Jon Bentley's Writing Efficient Programs is a great source of low- and high-level techniques -- if you can find a copy.
Eliminating branches (if/elses) by using boolean math:
if(x == 0)
x = 5;
// becomes:
x += (x == 0) * 5;
// if '5' was a base 2 number, let's say 4:
x += (x == 0) << 2;
// divide by 2 if flag is set
sum >>= (blendMode == BLEND);
This REALLY speeds things out especially when those ifs are in a loop or somewhere that is being called a lot.
The one from Assembler:
xor ax, ax
instead of:
mov ax, 0
Classical optimization for program size and performance.
In SQL, if you only need to know whether any data exists or not, don't bother with COUNT(*):
SELECT 1 FROM table WHERE some_primary_key = some_value
If your WHERE clause is likely return multiple rows, add a LIMIT 1 too.
(Remember that databases can't see what your code's doing with their results, so they can't optimise these things away on their own!)
Recycling the frame-pointer all of a sudden
Pascal calling-convention
Rewrite stack-frame tail call optimizarion (although it sometimes messes with the above)
Using vfork() instead of fork() before exec()
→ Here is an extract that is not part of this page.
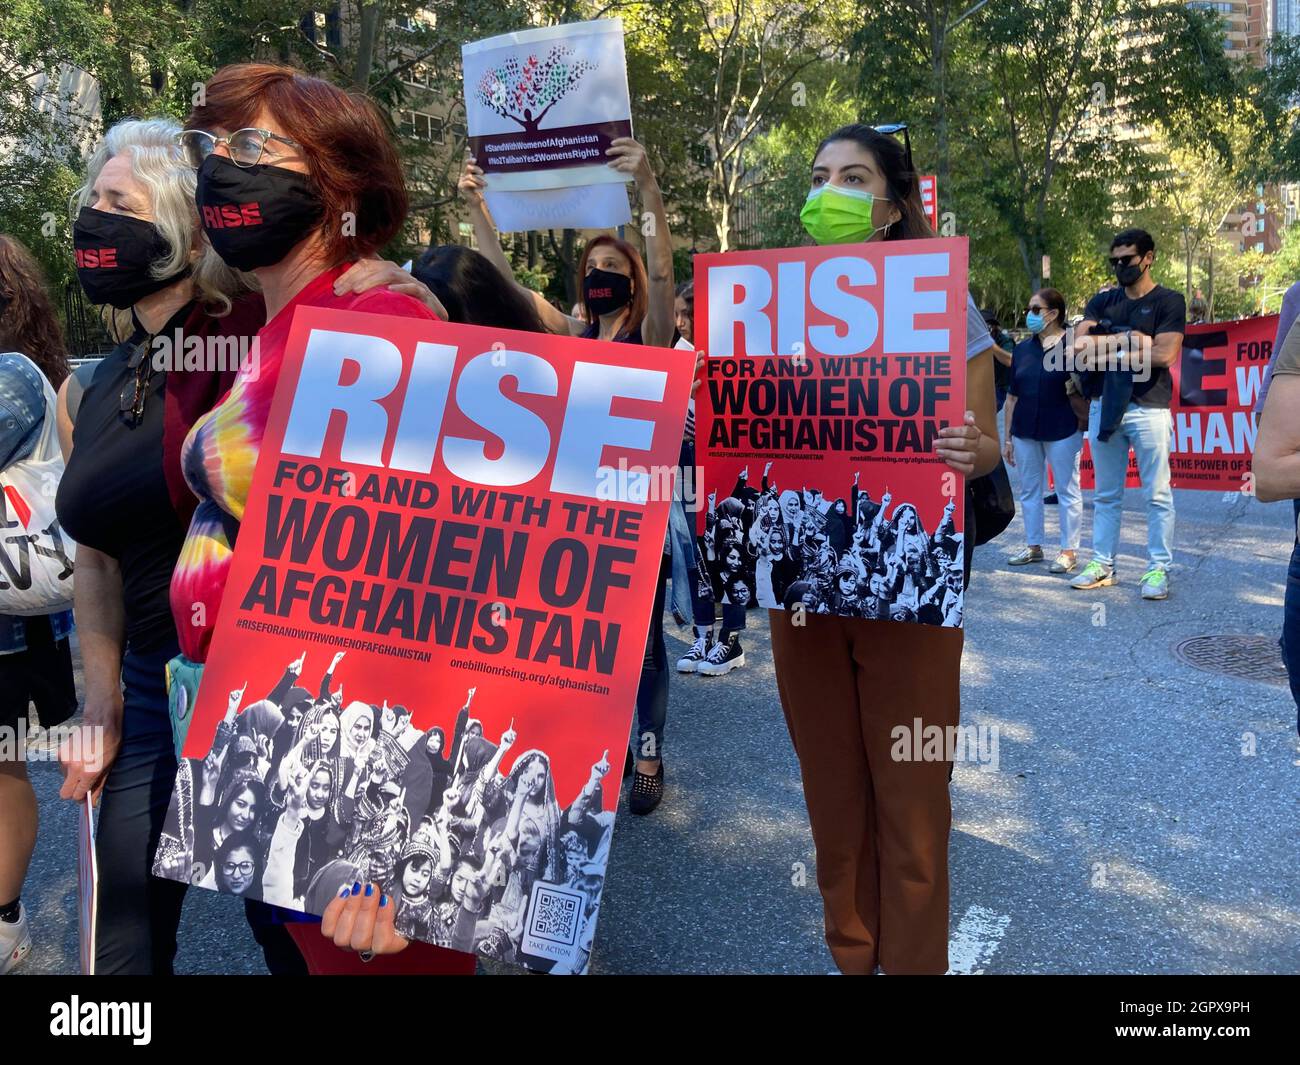 Activists protest the treatment of women by the Taliban in Afghanistan, in Dag Hammarskjold Plaza, in front of the United Nations, on Saturday, September 25, 2021. (© Frances M. Roberts) Stock Photo

And one I am still looking for, an excuse to use: data driven code-generation at runtime
Liberal use of __restrict to eliminate load-hit-store stalls.
Rolling up loops.
Seriously, the last time I needed to do anything like this was in a function that took 80% of the runtime, so it was worth trying to micro-optimize if I could get a noticeable performance increase.
The first thing I did was to roll up the loop. This gave me a very significant speed increase. I believe this was a matter of cache locality.
The next thing I did was add a layer of indirection, and put some more logic into the loop, which allowed me to only loop through the things I needed. This wasn't as much of a speed increase, but it was worth doing.
If you're going to micro-optimize, you need to have a reasonable idea of two things: the architecture you're actually using (which is vastly different from the systems I grew up with, at least for micro-optimization purposes), and what the compiler will do for you.
A lot of the traditional micro-optimizations trade space for time. Nowadays, using more space increases the chances of a cache miss, and there goes your performance. Moreover, a lot of them are now done by modern compilers, and typically better than you're likely to do them.
Currently, you should (a) profile to see if you need to micro-optimize, and then (b) try to trade computation for space, in the hope of keeping as much as possible in cache. Finally, run some tests, so you know if you've improved things or screwed them up. Modern compilers and chips are far too complex for you to keep a good mental model, and the only way you'll know if some optimization works or not is to test.
In addition to Joshua's comment about code generation (a big win), and other good suggestions, ...
I'm not sure if you would call it "low-level", but (and this is downvote-bait) 1) stay away from using any more levels of abstraction than absolutely necessary, and 2) stay away from event-driven notification-style programming, if possible.
If a computer executing a program is like a car running a race, a method call is like a detour. That's not necessarily bad except there's a strong temptation to nest those things, because once you're written a method call, you tend to forget what that call could cost you.
If your're relying on events and notifications, it's because you have multiple data structures that need to be kept in agreement. This is costly, and should only be done if you can't avoid it.
In my experience, the biggest performance killers are too much data structure and too much abstraction.
I was amazed at the speedup I got by replacing a for loop adding numbers together in structs:
const unsigned long SIZE = 100000000;
typedef struct {
int a;
int b;
int result;
} addition;
addition *sum;
void start() {
unsigned int byte_count = SIZE * sizeof(addition);
sum = malloc(byte_count);
unsigned int i = 0;
if (i < SIZE) {
do {
sum[i].a = i;
sum[i].b = i;
i++;
} while (i < SIZE);
}
}
void test_func() {
unsigned int i = 0;
if (i < SIZE) { // this is about 30% faster than the more obvious for loop, even with O3
do {
addition *s1 = &sum[i];
s1->result = s1->b + s1->a;
i++;
} while ( i<SIZE );
}
}
void finish() {
free(sum);
}
Why doesn't gcc optimise for loops into this? Or is there something I missed? Some cache effect?